HI-AM 2023
June 27 - 28
Halifax, NS

Keynote Speakers

Olaf Diegel
Professor of Additive Manufacturing
University of Auckland, Creative Design and Additive Manufacturing Lab, New Zealand
Presentation title: Design for Additive Manufacturing: Understanding Value

AM is one of the most expensive manufacturing methods in the known universe. Therefore, for it to be commercially viable for production applications, it must add enough value to overcome those high costs. This talk will focus on the main factors that affect AM cost and how to design around these so that they can be transformed into value adding features. It will demonstrate how, with good design for AM (DfAM) practices, AM can be transformed from a slow and expensive technology into one that can transform products into success stories. It will present numerous real-world examples of how AM can be used to add significant value to products. This includes products in aeronautical and transport applications, heat exchangers, and even artistic applications. The recent advent of automated design software has also created opportunities that give users the ability to automate the design of complex products. If these software technologies are combined with good design for AM practices, it can become a tremendous catalyst for increased innovation. This talk attempts to impart some practical guidance on how to design parts and use automated design software to gain the maximum benefit from what AM can offer.

Olaf is a practitioner of additive manufacturing with an excellent track record of developing innovative solutions to engineering problems. He is involved in all aspects of AM and is a principal authors of the Wohlers Report, considered to be the definitive publication on AM. In his consulting practice he develops products for companies around the world. Over the past three decades he has developed over 100 commercialized new products and, for this work, has received numerous awards. In 2012, Olaf started manufacturing a range of 3D printed guitars (www.oddguitars.com) that has developed into a successful little side-business.

Carolyn Seepersad
J. Mike Walker Professor of Mechanical Engineering
The University of Texas at Austin, TX, United States
Presentation title: Process-Aware Design for Additive Manufacturing

Additive manufacturing (AM) is making a profound impact on the way engineers realize customized parts, and it is democratizing product design and manufacturing in unprecedented ways.

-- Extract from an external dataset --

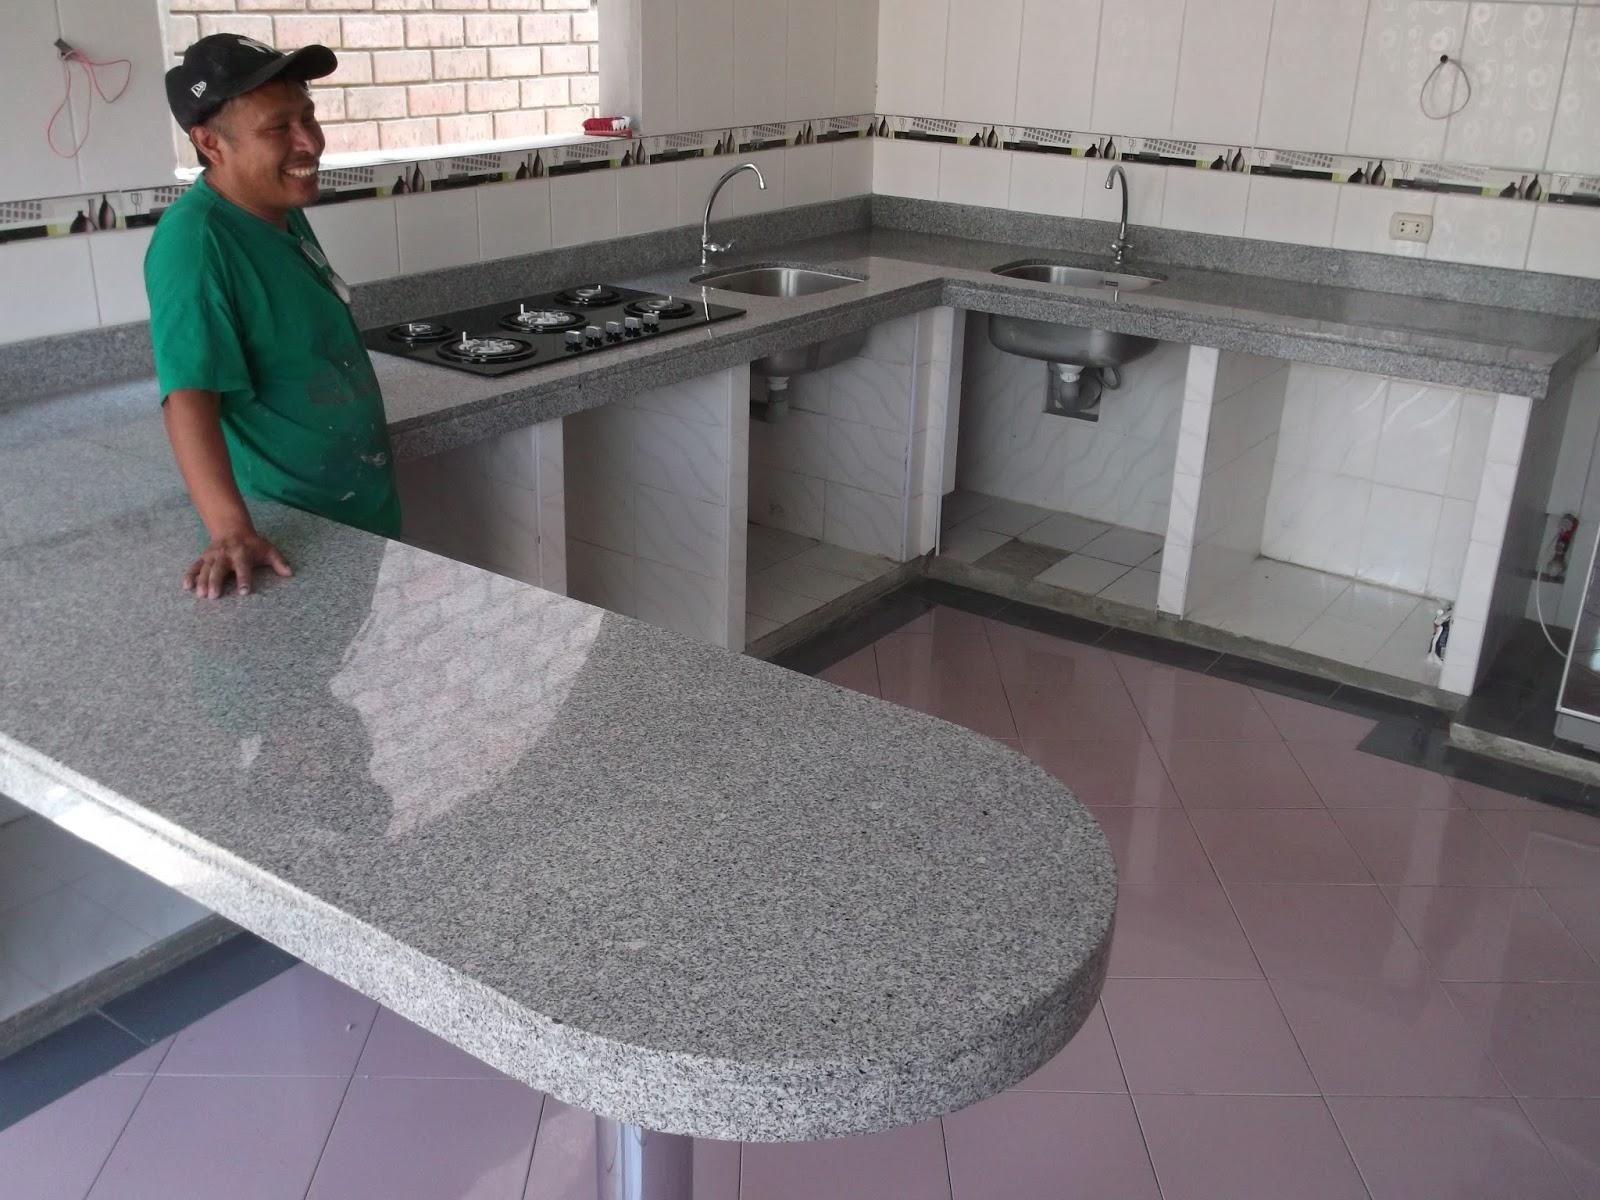 Piedra de marmol para cocina materiales de construcci n for Materiales para mesones de cocina

In this talk, we will explore the frontiers at the intersection of AM and design innovation and some of the new design capabilities under development to expand those frontiers. Specifically, we will focus on some of the challenges associated with enabling the design of highly customized additively manufactured structures, along with emerging tools and methods for process-aware and user-driven customization.

Carolyn Conner Seepersad is the J. Mike Walker Professor of Mechanical Engineering at The University of Texas at Austin. She is the director of the Center for Additive Manufacturing and Design Innovation and the Editor-in-Chief of the ASME Journal of Mechanical Design. Her research interests include design for additive manufacturing, simulation-based design of materials and structures, and process innovation in additive manufacturing. She is a member of the organizing committee of the annual Solid Freeform Fabrication Symposium and a member of SME's Additive Manufacturing Technical Leadership Committee. She is the author of more than 125 peer-reviewed conference and journal publications.

Tim Horn
Assistant Professor, Mechanical and Aerospace Engineering
North Carolina State University, NC, United States
Presentation title: Additive Manufacturing of Copper and Copper Alloys

The unique combination of properties exhibited by copper and copper alloys, including high thermal conductivity, low emissivity, high reflectivity, and susceptibility to contamination and cracking, pose several challenges for their additive manufacturing. This presentation will examine the difficulties and potential for this class of materials in AM, exploring recent literature and advancements in processing.

Denis Cormier
Earl W. Brinkman Professor of Industrial and Systems Engineering | AMPrint Center Director
Rochester Institute of Technology, NY, United States
Presentation title: Towards High Speed Metal AM Via Molten Metal Droplet Jetting

Dot matrix printers from the 1960's and 1970's typically printed at ~10-12 pages per minute. Today's modern digital printing presses can churn out 100-200 pages per minute in full color. This is in sharp contrast to metal AM technologies that can still have build times measured in days even for modestly sized parts. Several companies and research groups around the world are developing exciting and innovative new metal AM technologies whose aim is to achieve massively higher material deposition rates without sacrificing feature resolution. This talk will focus on one of these new technologies called metal jet additive manufacturing, or M-JAM. The talk will first provide an overview of different molten metal droplet jetting technologies and their capabilities and limitations. The talk will then turn towards a vision of the future in which arrays of nozzles jet 100-250 micron diameter molten metal droplets at frequencies of 3 kHz or higher. That vision represents the state where metal AM has progressed as far as today's digital printing presses. The talk will conclude with a discussion of the technological barriers that must be overcome before the potential is turned into reality.

Denis Cormier is the Earl W. Brinkman Professor at the Rochester Institute of Technology (RIT) where he directs the New York State funded AMPrint Center. He has close to 30 years of AM experience, much of which has been dedicated to metal AM and the design, fabrication, and testing of engineered lattice structures. He is currently focused on advancing metal jet printing technologies to include jetting of higher melting point metals with greater material deposition rates.